As shown in Table 1, among the 648 surgical patients, the surgical modalities included local tumor destruction [3 patients (0.5%); surgical codes 10–14], local tumor excision [282 patients (43.5%); surgical codes 20–27], gross excision [173 patients (26.7%); surgical codes 30–36], wide excision [150 patients (23.1%); surgical codes 45–47], major amputation [7 patients (1.1%); surgical code 60], and not otherwise specified (NOS) [33 patients (5.1%); surgical code 90]. Detailed descriptions of the SEER surgical codes are provided in the supplementary materials. Among these modalities, three main surgical approaches (local tumor excision, gross excision, and wide excision) accounted for 93.3% of all cases, with the remaining modalities accounting for a small proportion. Thus, we focused on comparing the prognostic effects of these three surgical modalities. The median OS was 16 months for local tumor excision, 25 months for gross excision, and 11 months for wide excision (P<0.001; Figure 5A). Both gross excision and wide excision were associated with significantly better OS than local tumor excision (P<0.001 and P=0.002, respectively; Figure 5B,5C). Gross excision showed a trend toward improved OS compared with wide excision, but this difference did not reach statistical significance (P=0.08; Figure 5D).
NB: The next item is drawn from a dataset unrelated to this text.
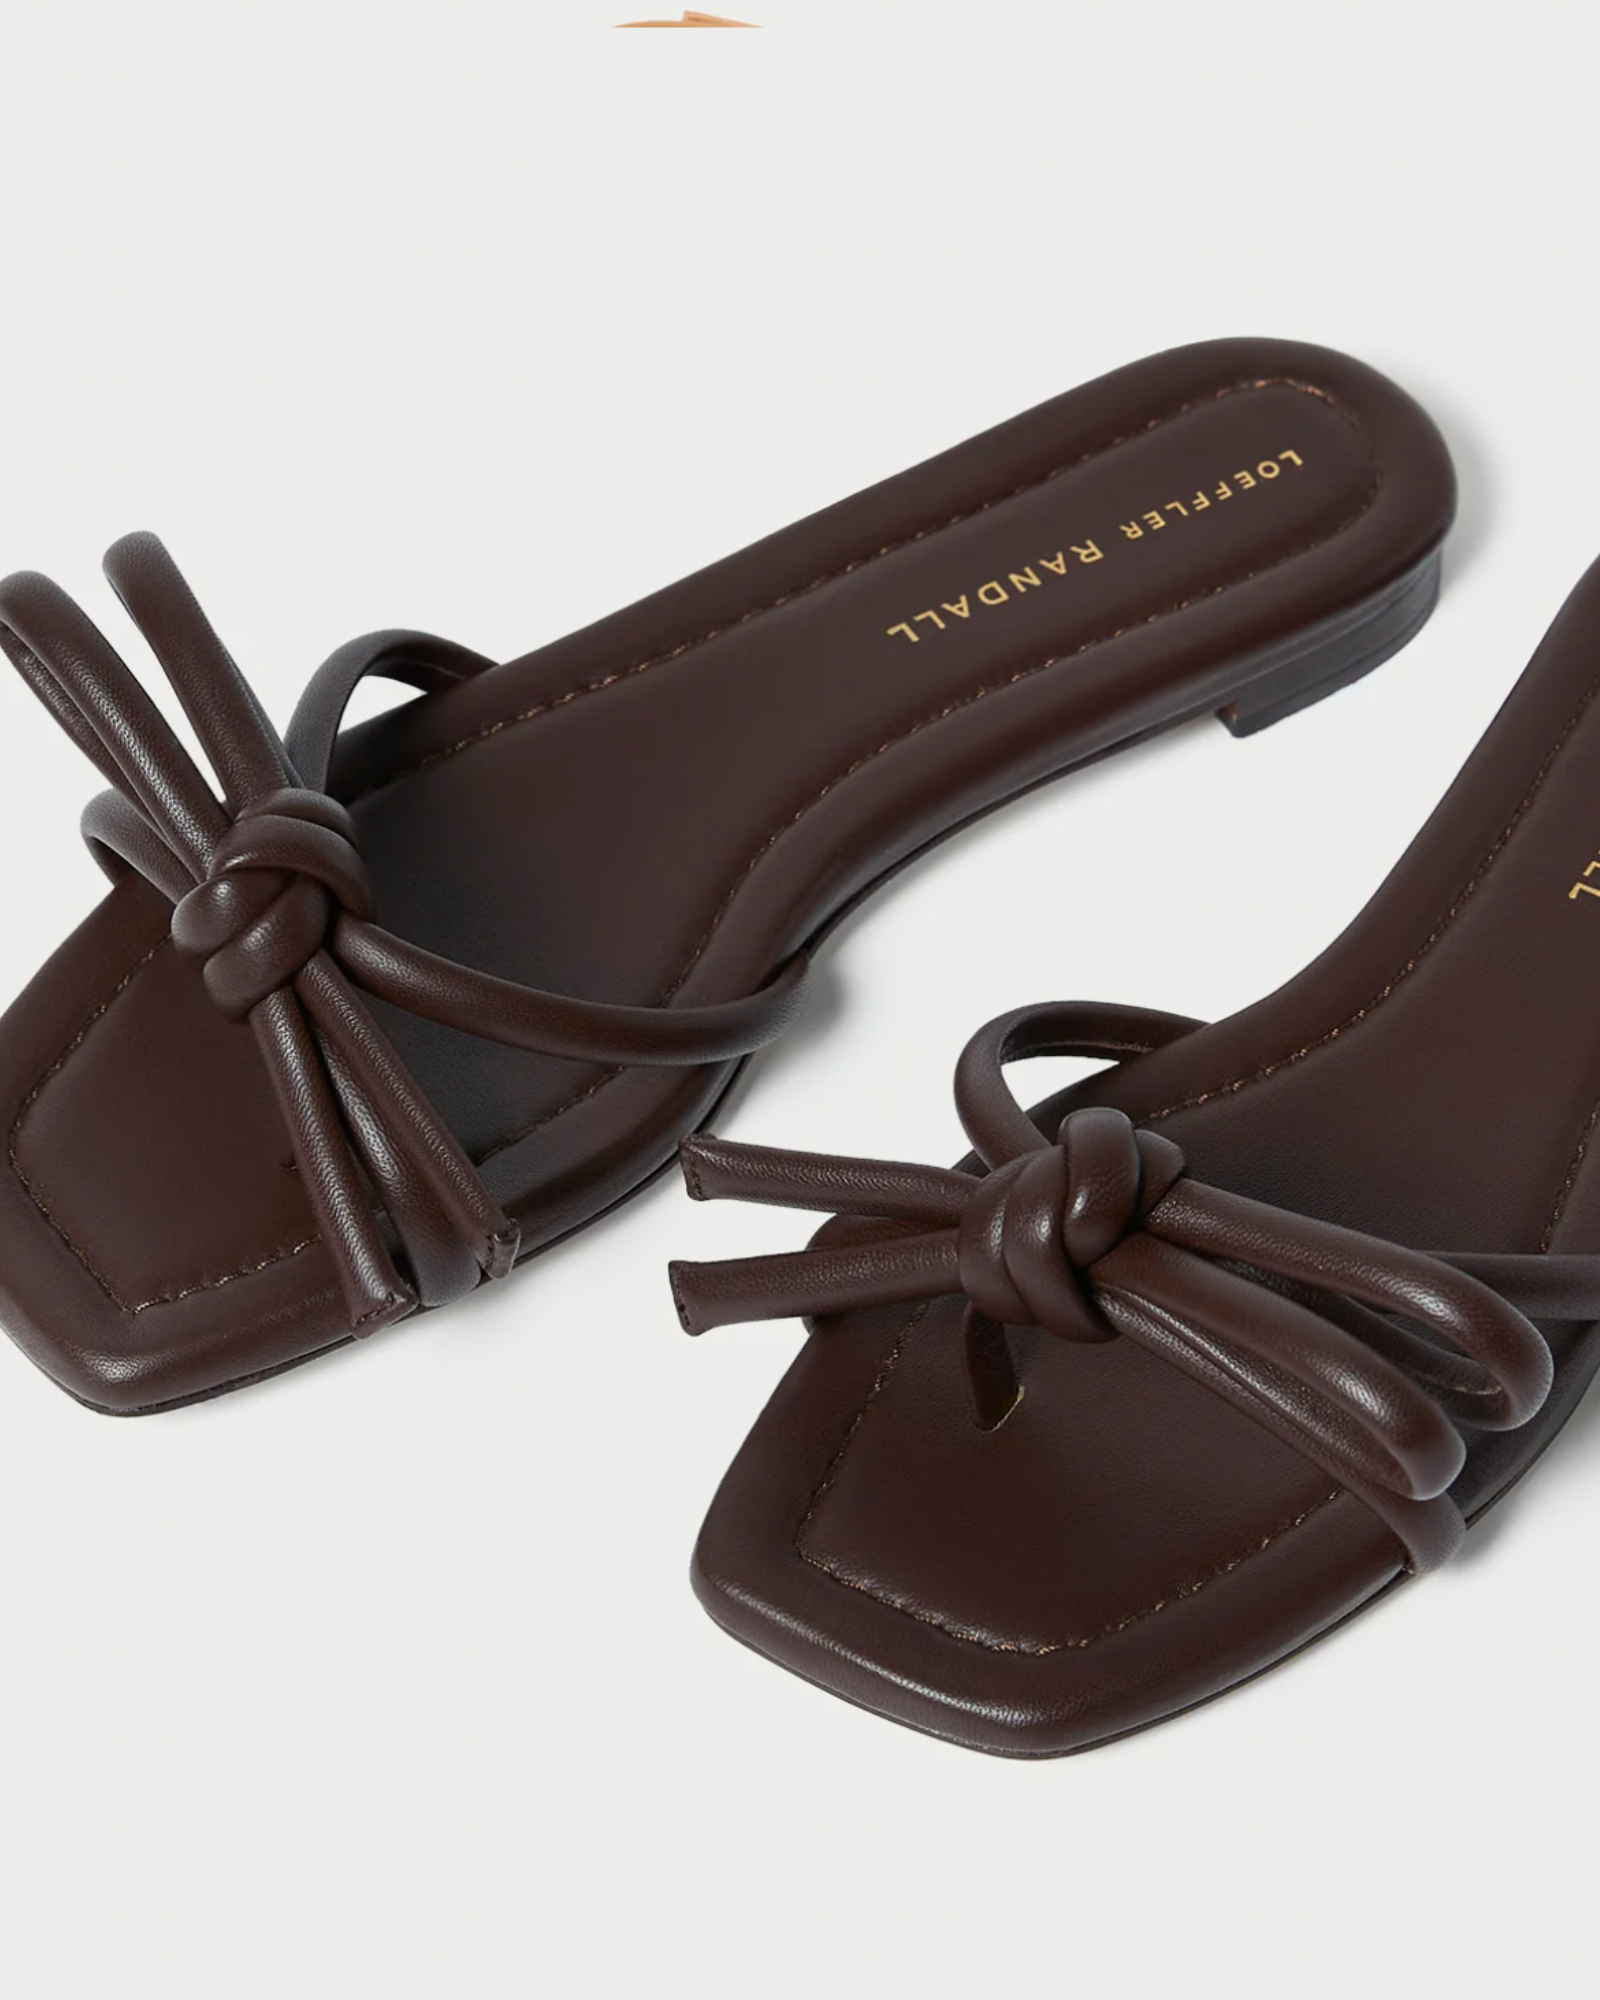 Loeffler Randall Hadley Flat Sandal in Chocolate

Figure 5 Kaplan-Meier analysis. Overall survival among surgical patients receiving different surgical modalities after propensity score matching. (A) Gross excision versus wide excision versus local tumor excision. (B) Gross excision versus local tumor excision. (C) Wide excision versus local tumor excision. (D) Gross excision versus wide excision.

Discussion

To the best of our knowledge, this retrospective analysis is the first comprehensive study to evaluate the impact of primary lesion surgical intervention and different surgical modalities on the prognosis of patients with stage IV CM. Our findings suggest that surgery is an independent prognostic factor for OS in this patient population. Notably, surgical resection of the primary tumor can significantly improve OS, especially in the M1a and M1c subgroups. In addition, our results indicate that different main surgical modalities have a notable impact on patient survival outcomes: patients who underwent gross excision or wide excision had better survival outcomes than those who only received local tumor excision, and gross excision showed a trend toward better survival than wide excision. Although the difference in OS between the gross excision and wide excision groups was not statistically significant, a clinical benefit-risk assessment suggests that gross excision may be a more favorable option, as it can avoid the potential greater surgical trauma associated with wide excision.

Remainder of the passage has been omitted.